- **Task objective**
Among the lines below, the one containing "HTB14J7eKFXXXXcdXXXXq6xXFXXXGStrapless Special Occasion" opens the range and the one containing "の前で温度中国[HANYUL] BB Cream" closes it. Print that range exactly, without the pictures.

- **Provided information**
= = = = = = =
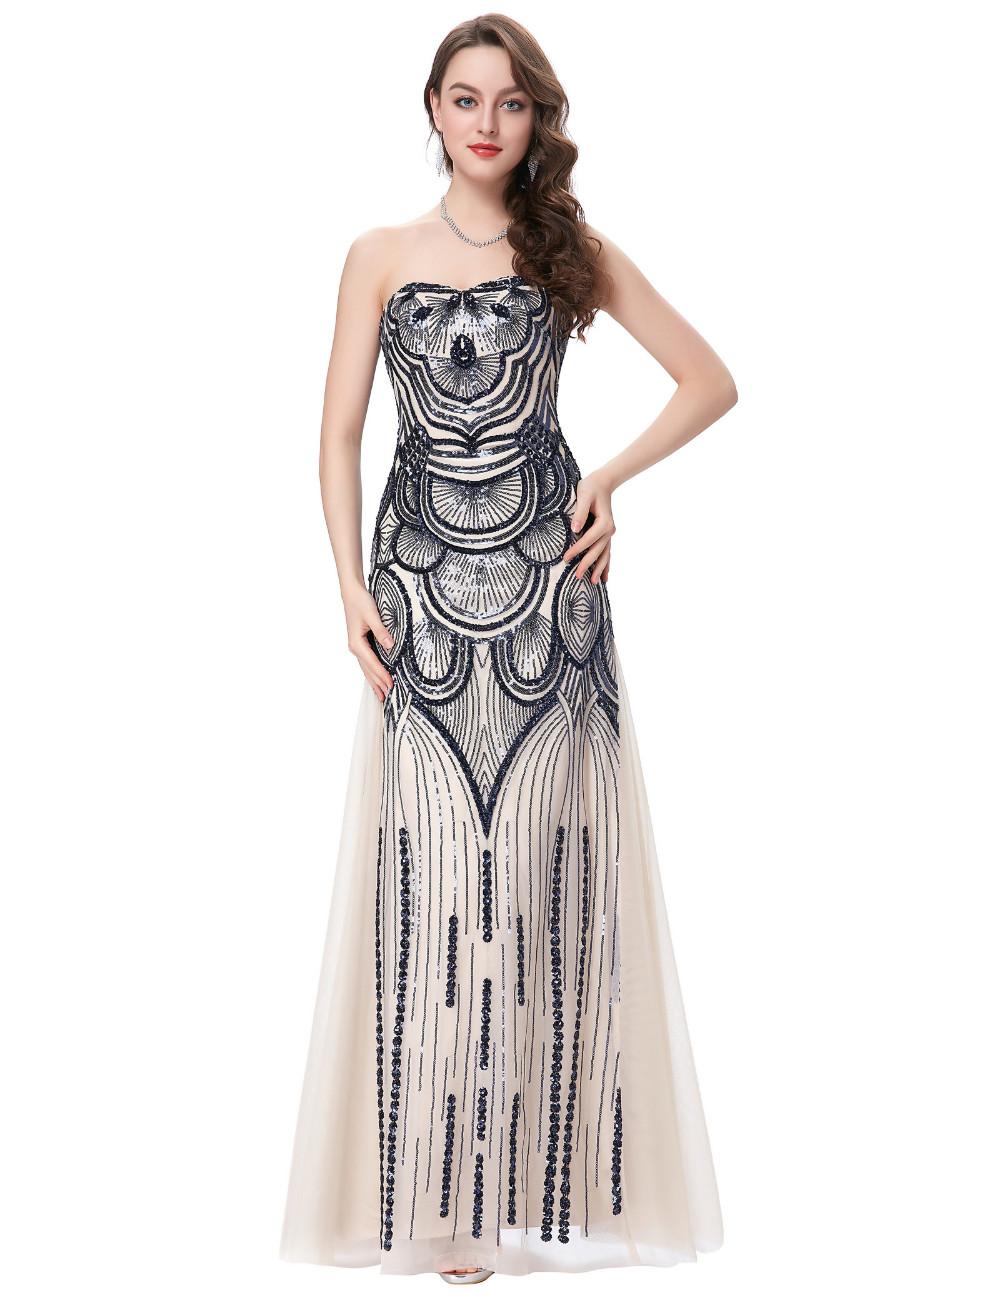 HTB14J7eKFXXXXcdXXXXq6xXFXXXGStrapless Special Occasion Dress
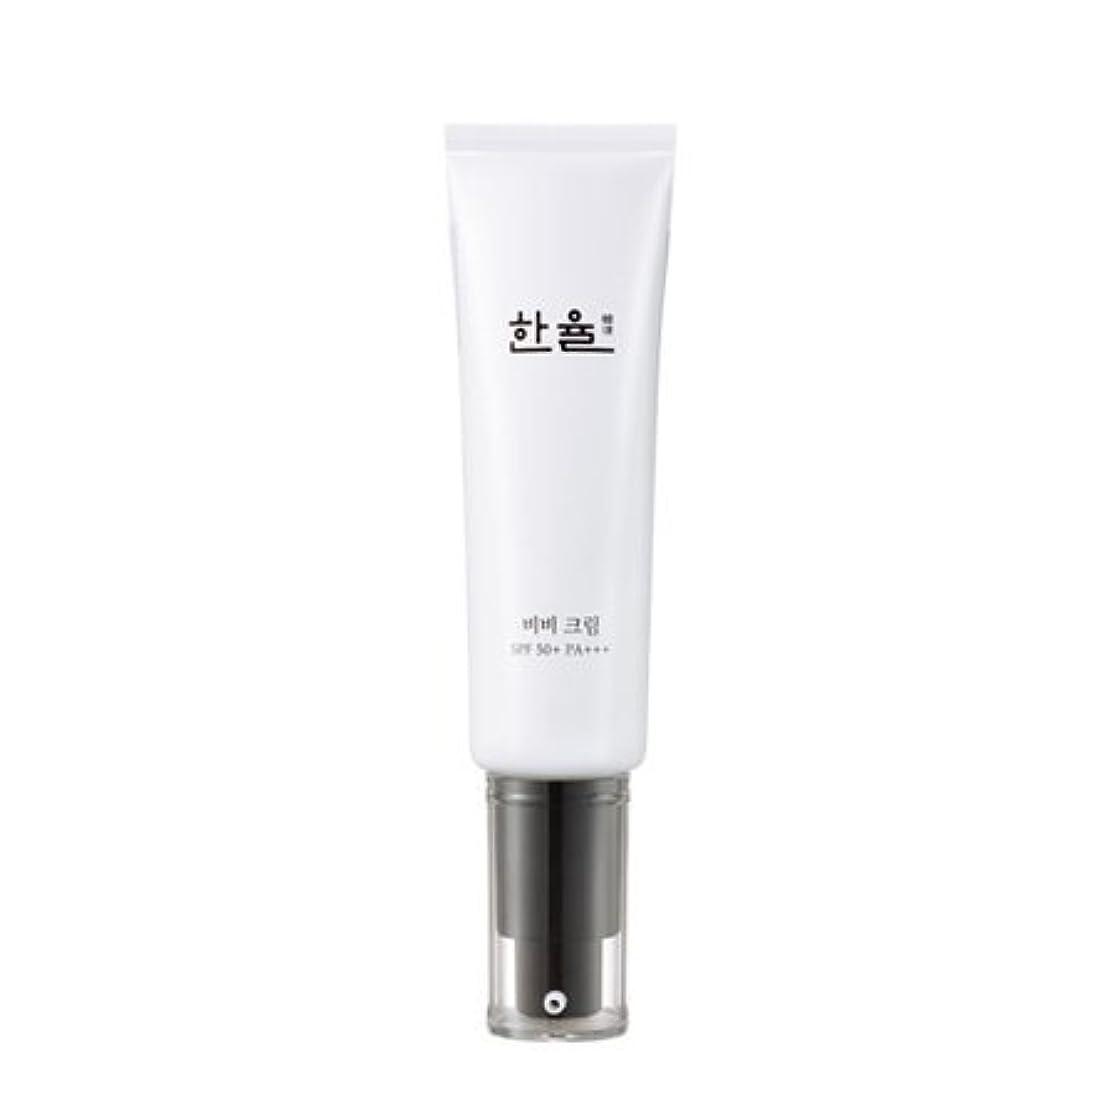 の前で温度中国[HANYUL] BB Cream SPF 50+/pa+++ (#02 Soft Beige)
= = = = = = =
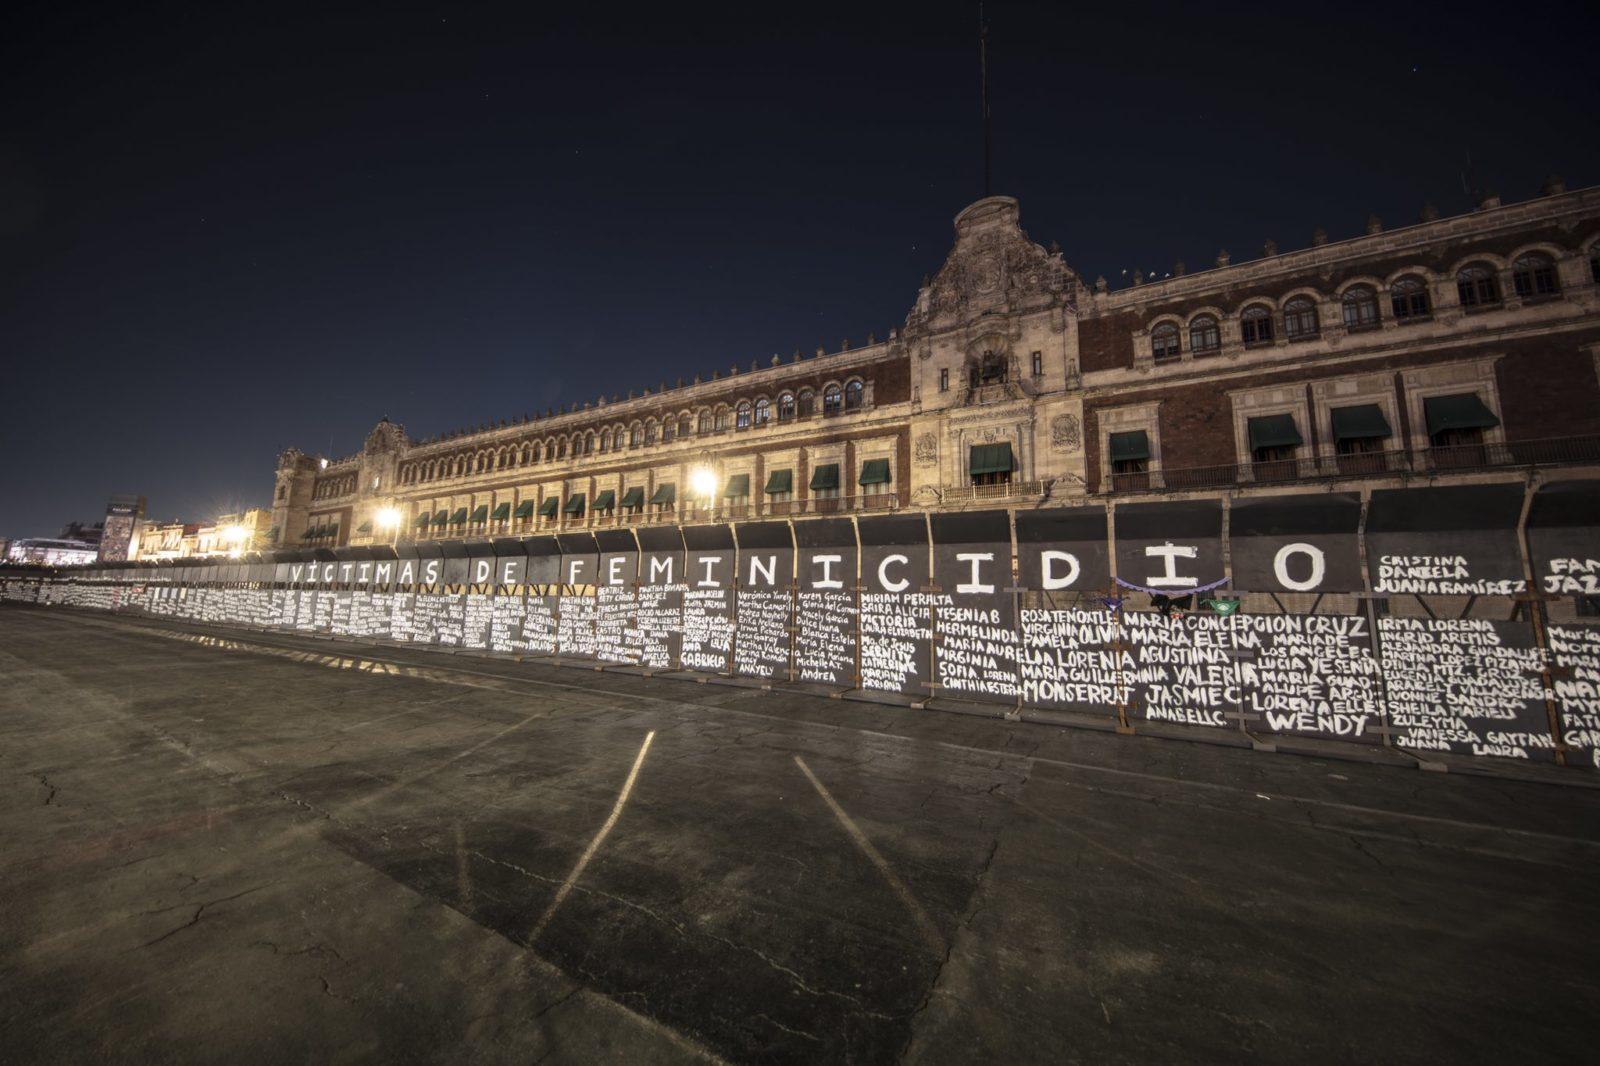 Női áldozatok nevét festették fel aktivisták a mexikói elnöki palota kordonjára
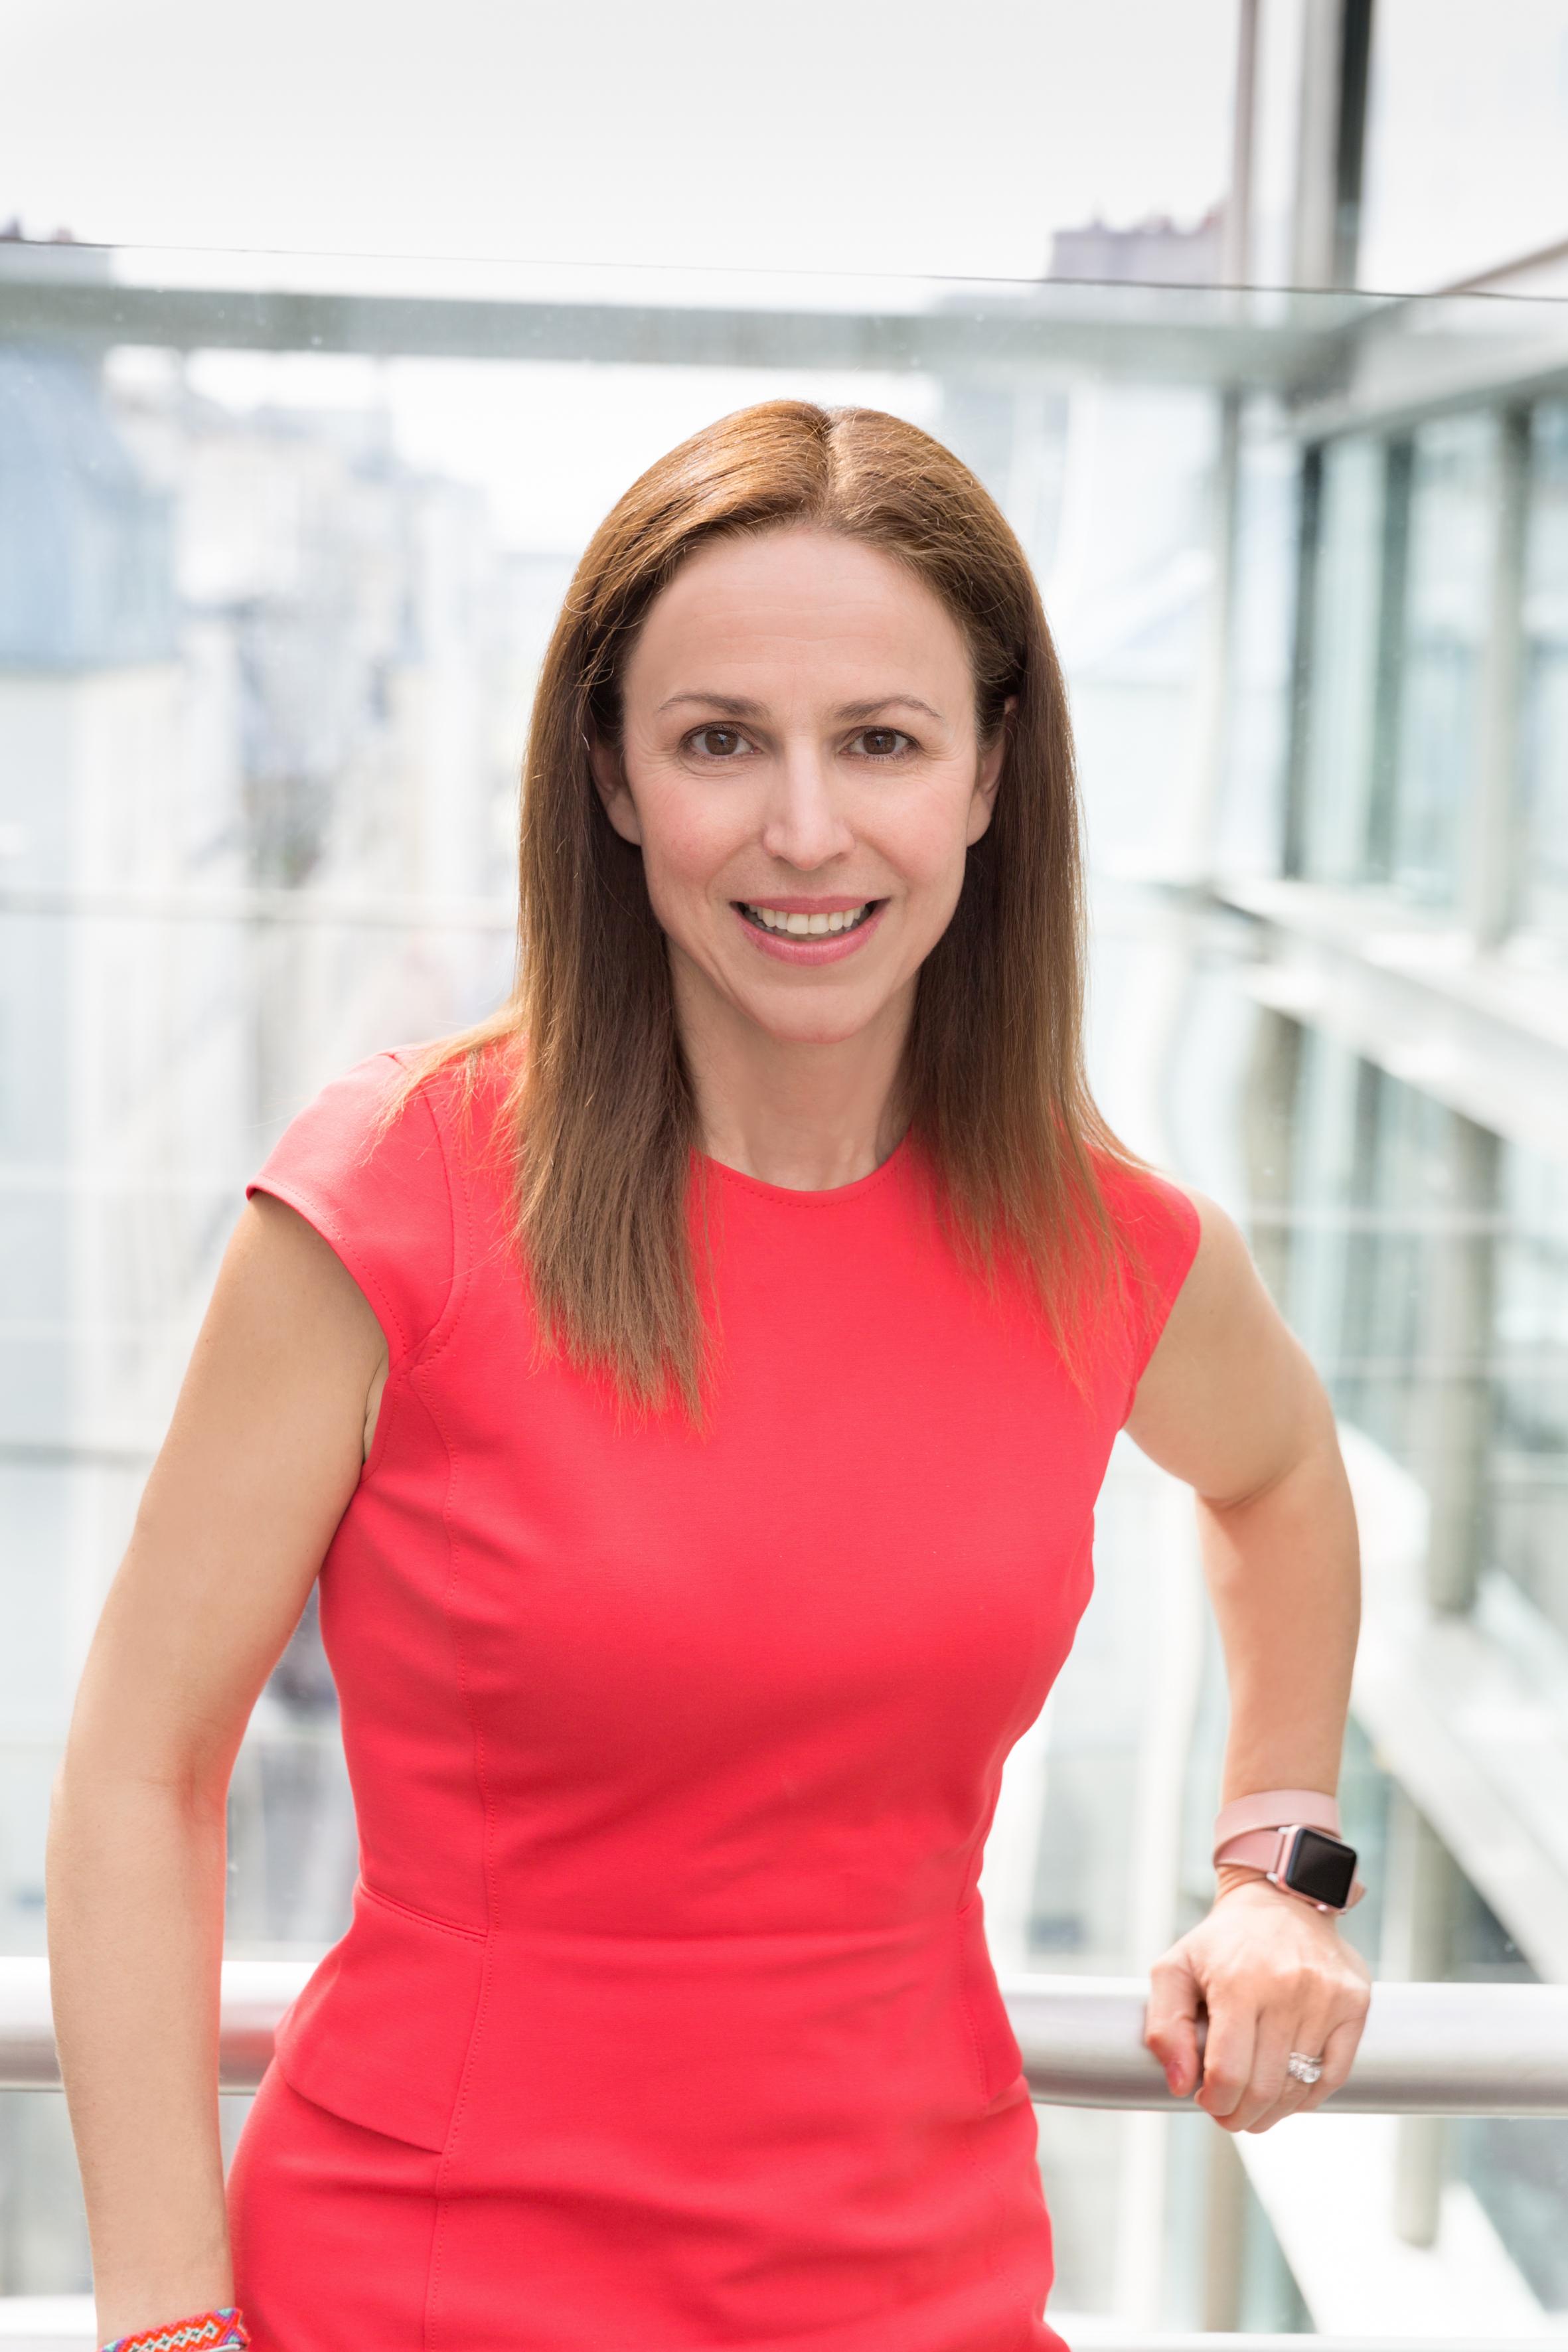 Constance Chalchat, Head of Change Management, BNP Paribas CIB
= = = = = = =
- **Output**
 HTB14J7eKFXXXXcdXXXXq6xXFXXXGStrapless Special Occasion Dress
 の前で温度中国[HANYUL] BB Cream SPF 50+/pa+++ (#02 Soft Beige)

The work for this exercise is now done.